Create custom language COLUMNS in PostgreSQL
This step checks for columns in Oracle that don't exist in PostgreSQL. We usually see here the custom language columns, but it could be everything, so executing postgresql-add-missing-languages.sql is not a solution:
psql -d corpus -U corpus
set search_path='public';
create temporary table columnstmp as (
SELECT table_name, column_name FROM information_schema.columns WHERE table_schema='corpus' and table_name not in ('plan_table', 'plan_view', 'timetrackerinterface')
EXCEPT
SELECT table_name, column_name FROM information_schema.columns WHERE table_schema='public' order by 1,2
);
DO $$
DECLARE
c record;
crow record;
ctype varchar(50);
BEGIN
FOR c IN SELECT * from columnstmp
LOOP
SELECT *
INTO crow
FROM information_schema.columns WHERE table_schema='corpus' and table_name=c.table_name and column_name=c.column_name;
IF crow.data_type = 'character varying' THEN ctype := crow.data_type || '(' || crow.character_maximum_length || ') ';
ELSE ctype := crow.data_type;
END IF;
-- RAISE NOTICE '% % %', c.table_name, c.column_name, ctype ;
EXECUTE 'ALTER TABLE ' || c.table_name || ' ADD COLUMN "' || c.column_name || '" ' || ctype;
END LOOP;
END$$;
Here is a small exception for versions <5.7 because current_timestamp is a reserved word in postgresql:
# only for <= v5.7
set search_path='public';
alter table stored_transformation drop column current_timestamp;
Final check to see if there is any difference in the schemas:
SELECT table_name, column_name FROM information_schema.columns WHERE table_schema='public' and column_name not in ('rowid')
EXCEPT
SELECT table_name, column_name FROM information_schema.columns WHERE table_schema='corpus' order by 1,2;
SELECT table_name, column_name FROM information_schema.columns WHERE table_schema='corpus' and table_name not in ('plan_table','plan_view', 'timetrackerinterface')
EXCEPT
SELECT table_name, column_name FROM information_schema.columns WHERE table_schema='public' order by 1,2;
Let PostgreSQL pool the data from Oracle
For big databasese, you should extend the undo retention in Oracle, otherwise your import shall fail with error message ORA-01555:
oracle@oracle-host $ sqlplus / as sysdba
SQL> alter system set undo_retention=30000;
Changing the prefetch size from default 200 to the maximum of 10240 will reduce the import time.

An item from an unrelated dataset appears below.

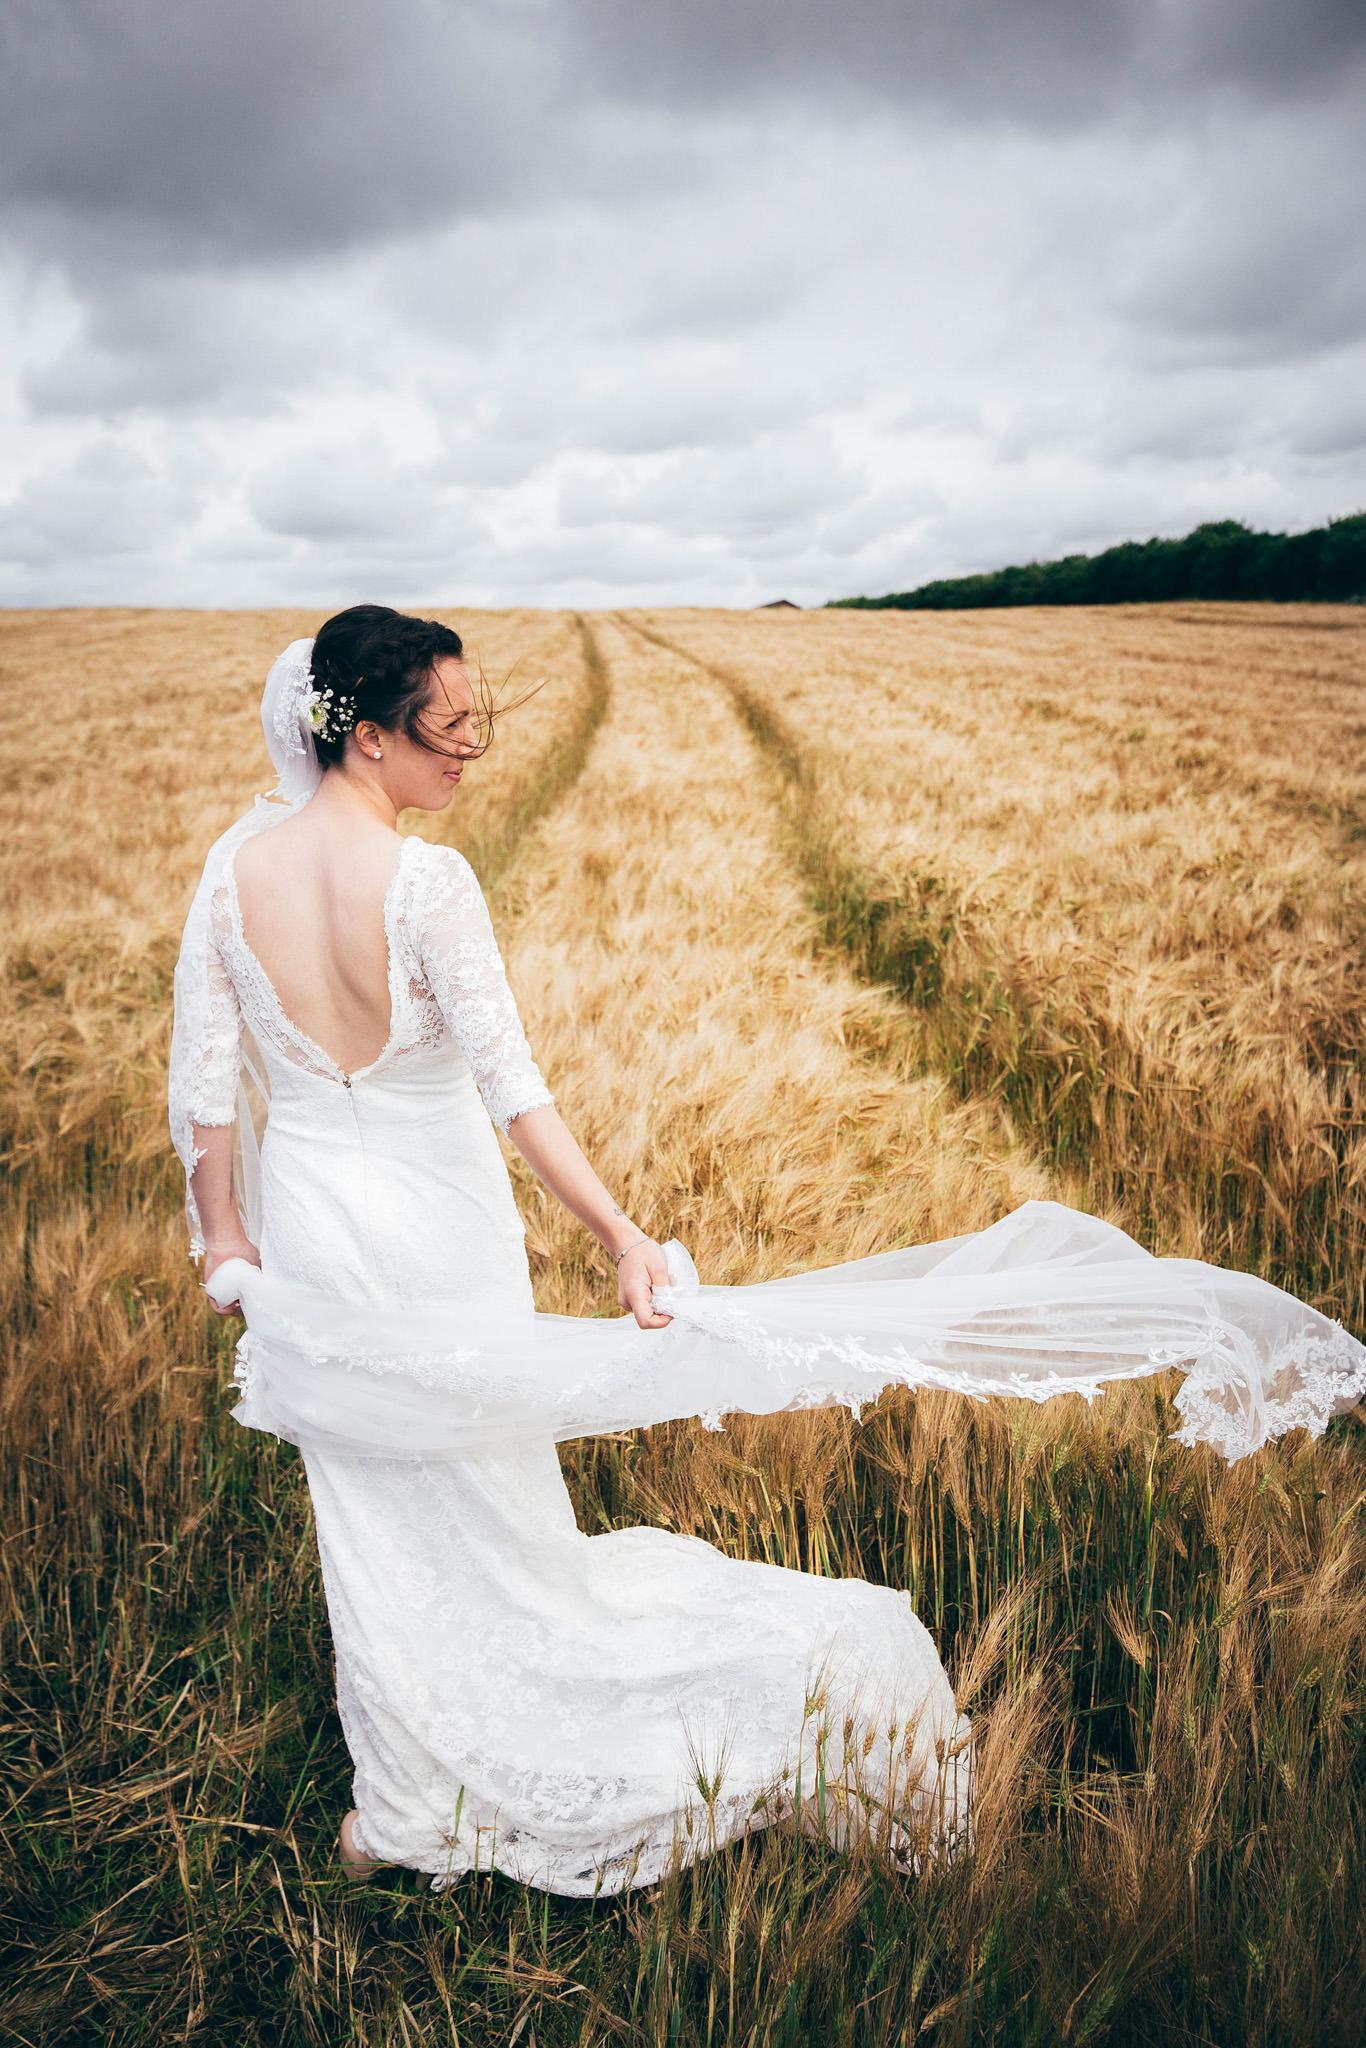 Norway+wedding+photographer+elopement+pre+wedding+Casey+Arneson-80.jpg

Please note that some of the biggest tables, like asset_feature, have CLOB columns for which OCI doesn't allow prefetching at all.
DO $$
DECLARE
c record;
BEGIN
FOR c IN SELECT table_name FROM information_schema.tables WHERE table_schema='public'
LOOP
EXECUTE 'alter foreign table corpus.' || c.table_name || ' OPTIONS (prefetch ''10240'');';
END LOOP;
END$$;
Shutdown censhare before executing that step and start the process in a screen session, because it's very very slow:
psql -d corpus -U corpus
CREATE OR REPLACE FUNCTION get_columns(varchar) RETURNS varchar AS $$
select string_agg('"'||column_name||'"',',') FROM information_schema.columns
WHERE table_name = $1 and table_schema='public' AND column_name NOT IN('rowid');
$$ LANGUAGE SQL;
set search_path='public','corpus';
create temp table columns_list as
select table_name, get_columns(table_name) FROM information_schema.tables WHERE table_schema='public';
DO $$
DECLARE
c record;
BEGIN
FOR c IN SELECT * FROM columns_list order by table_name desc
LOOP
RAISE NOTICE 'BEGIN processing table %', c.table_name;
EXECUTE 'insert into '|| c.table_name ||' (' || c.get_columns || ') select '|| c.get_columns || ' FROM corpus.'|| c.table_name;
EXECUTE 'analyze '|| c.table_name; RAISE NOTICE 'END processing table %', c.table_name;
END LOOP;
END$$;
Here is a workaround for the case when Oracle have null characters (U+0000) in some of it's text data rows. You execute it in a separate terminal session and then repeat the DO block above.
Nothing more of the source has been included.